Rapid materials discovery using machine learning interatomic potentials (MLIPs) and random crystal structure generation - all from a terminal UI.
- Random crystal structure search - generate candidate structures with PyXTal and relax them with ML potentials
- Multiple MLIP backends - MatterSim, NequIP out of the box, more coming soon
- Phonon analysis - evaluate dynamical stability and thermal properties via Phonopy
- Terminal UI - manage studies and runs, launch calculations, and browse results without leaving the terminal
Linux systems recommended.
Install pytorch<2.10.0 with CUDA support if you have an NVIDIA GPU; otherwise skip this step:
pip install torch==2.9.1 torchvision --index-url https://download.pytorch.org/whl/cu126Then install rapmat:
# Basic install
pip install rapmat
# MatterSim support
pip install rapmat[mattersim]
# NequIP support
pip install rapmat[nequip]
# uPET support
pip install rapmat[upet]
# All calculator backends at once
pip install rapmat[all-calculators]Run its TUI:
rapmatA Study defines the system (e.g. Al-O) you are working on and the calculation settings like fmax.

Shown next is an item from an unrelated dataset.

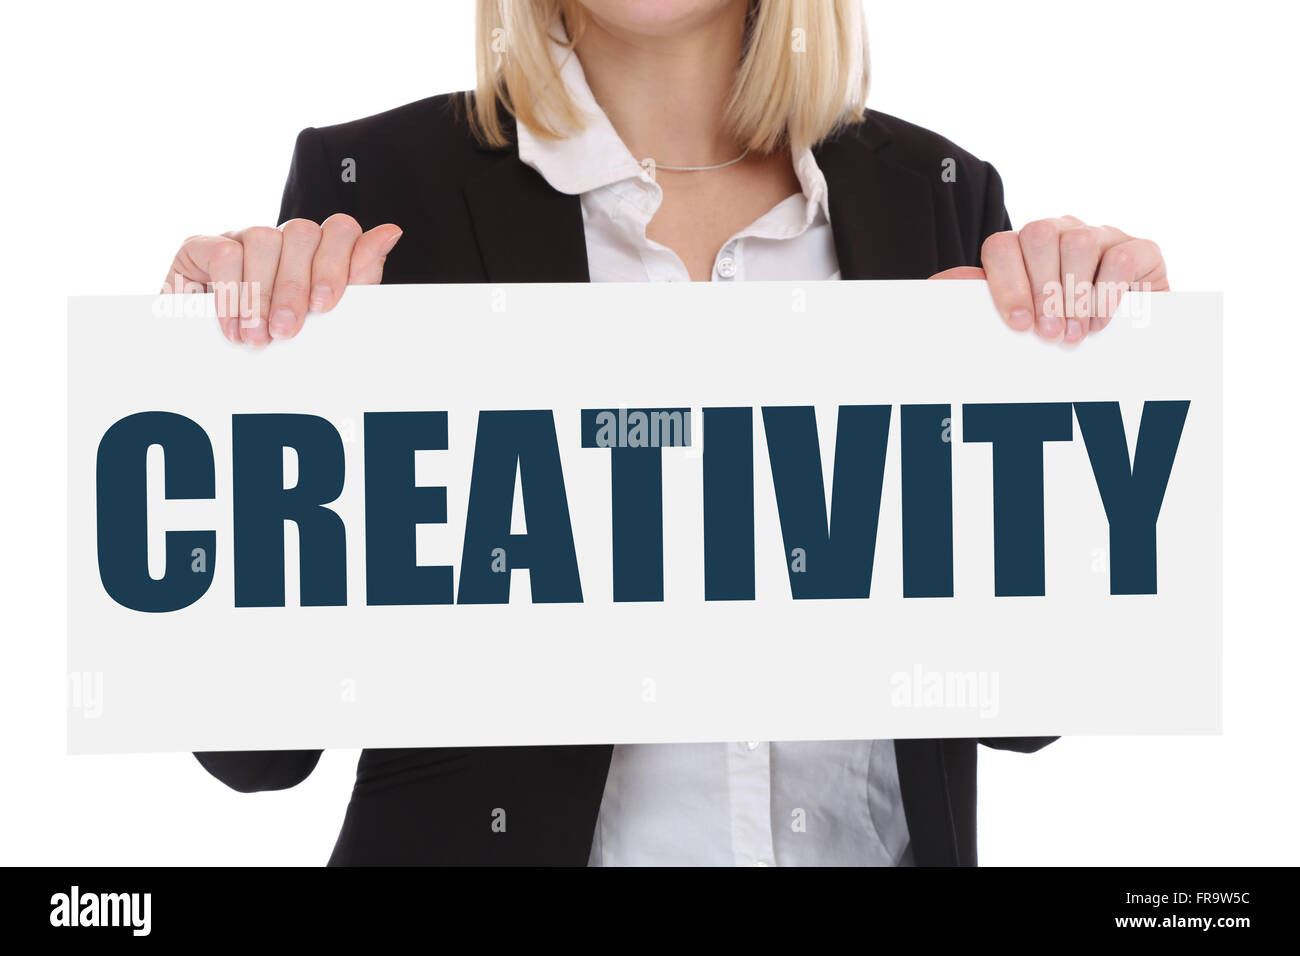 Kreativität kreativ vorstellen Phantasie denken Ideen Erfolg erfolgreiches Konzept inspiration Stockbild

A Run defines a specific formula x [formula units range]: e.g. Al2O3 x 6..8 constituting the unit cell being calculated.
Each run is assigned to its study. One study may have multiple runs, but not vice versa. Runs in one study may overlap, but you can view and perform actions such as deduplication or thickness filtering for only one run at a time. If the endpoint runs (e.g. Al and O) are present (at least one for each element), you can build the convex hull if the compound is binary.